Kavanaugh questioned whether states could pass similar laws that violate other constitutional rights, including gun rights. A state, for example, could allow $ 1 million in damages against anyone who sells an AR-15 rifle, he said. Kavanaugh also questioned whether it could fill a loophole “exploited” by the Texas measure in court precedents regarding when state officials can be barred from enforcing unconstitutional laws.

His tone was more skeptical of the Biden administration trial, telling US Solicitor General Elizabeth Prelogar the challenge was “different, irregular and unusual.”

Kagan said the law was written by “some geniuses” to escape the general legal principle that “states should not override federal constitutional rights.” Kagan warned of the consequences of passing laws by states that violate rights, including same-sex marriage and religious freedom.

The Texas measure allows individuals to sue anyone who performs or helps a woman have an abortion after heart activity is detected in the embryo.

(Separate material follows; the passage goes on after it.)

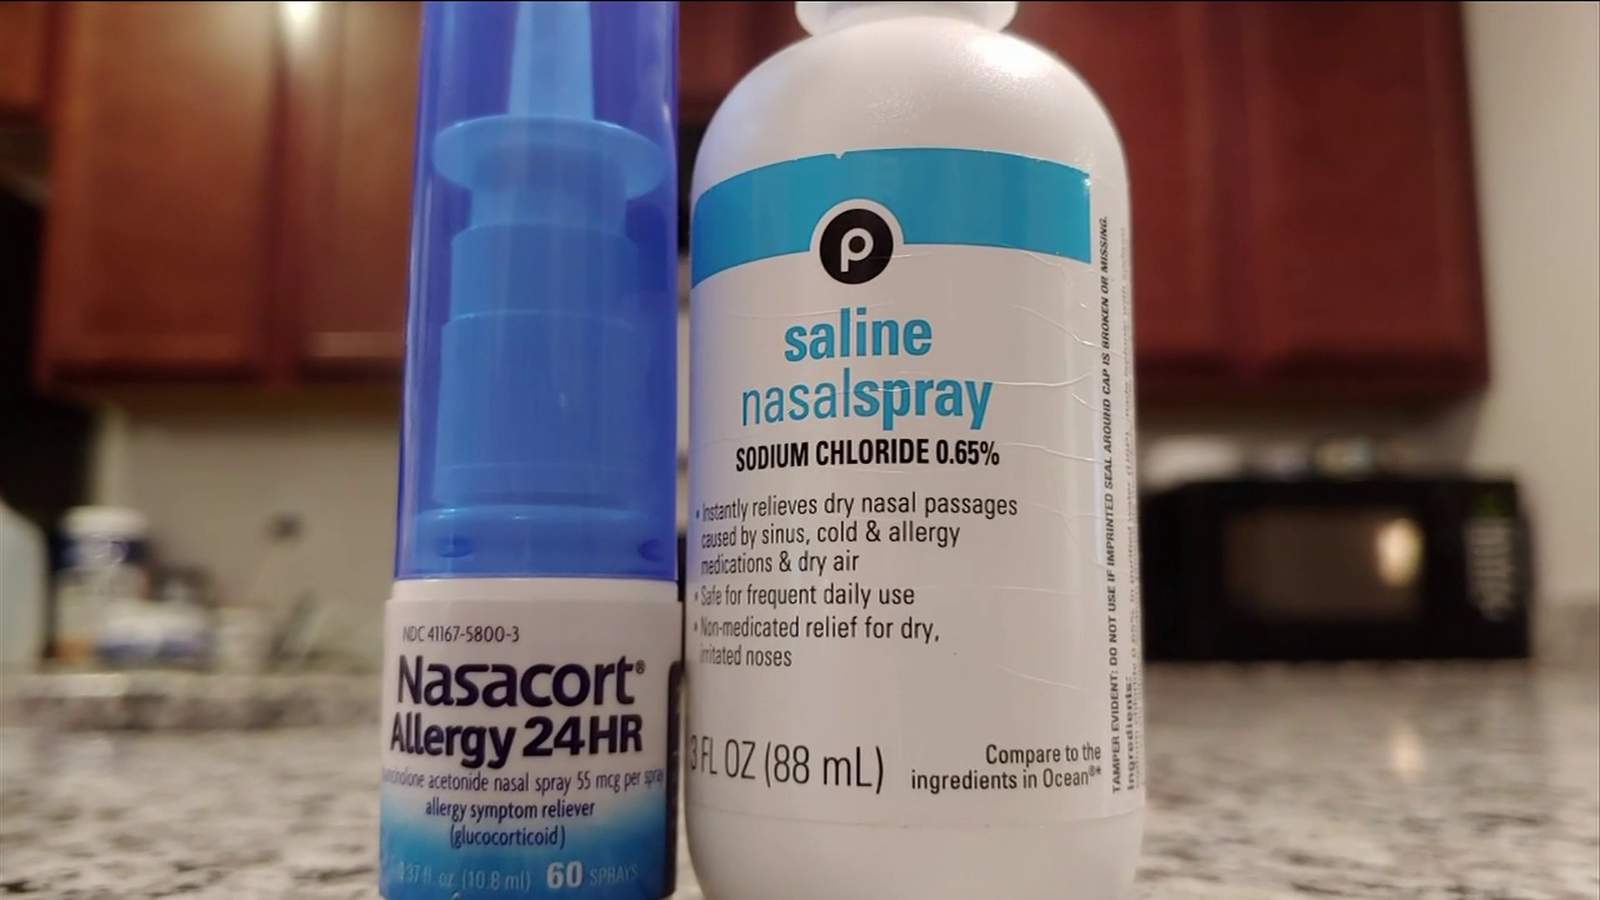 Allergy experts questioning nasal sprays due to coronavirus concerns

This feature made it more difficult to sue the state directly. Individual citizens can be awarded a minimum of $ 10,000 for successfully filing lawsuits under the law. Biden’s administration called it a “bounty.”

Conservative Justices Clarence Thomas and Samuel Alito have asked if anyone would have standing to sue under the law without suffering direct harm. Texas Attorney General Judd Stone, defending the law, said personal “outrage” over abortion would be enough to warrant legal action.

The law has deterred abortion providers from facing countless potentially costly lawsuits in Texas – the second most populous US state behind California, with an estimated 29 million people.

The court agreed to take the case on October 22, bypassing lower courts given the challenges.

Reporting by Andrew Chung and Lawrence Hurley in Washington; Additional reports by Jan Wolfe; Editing by Will Dunham

Our standards: Thomson Reuters Trust Principles.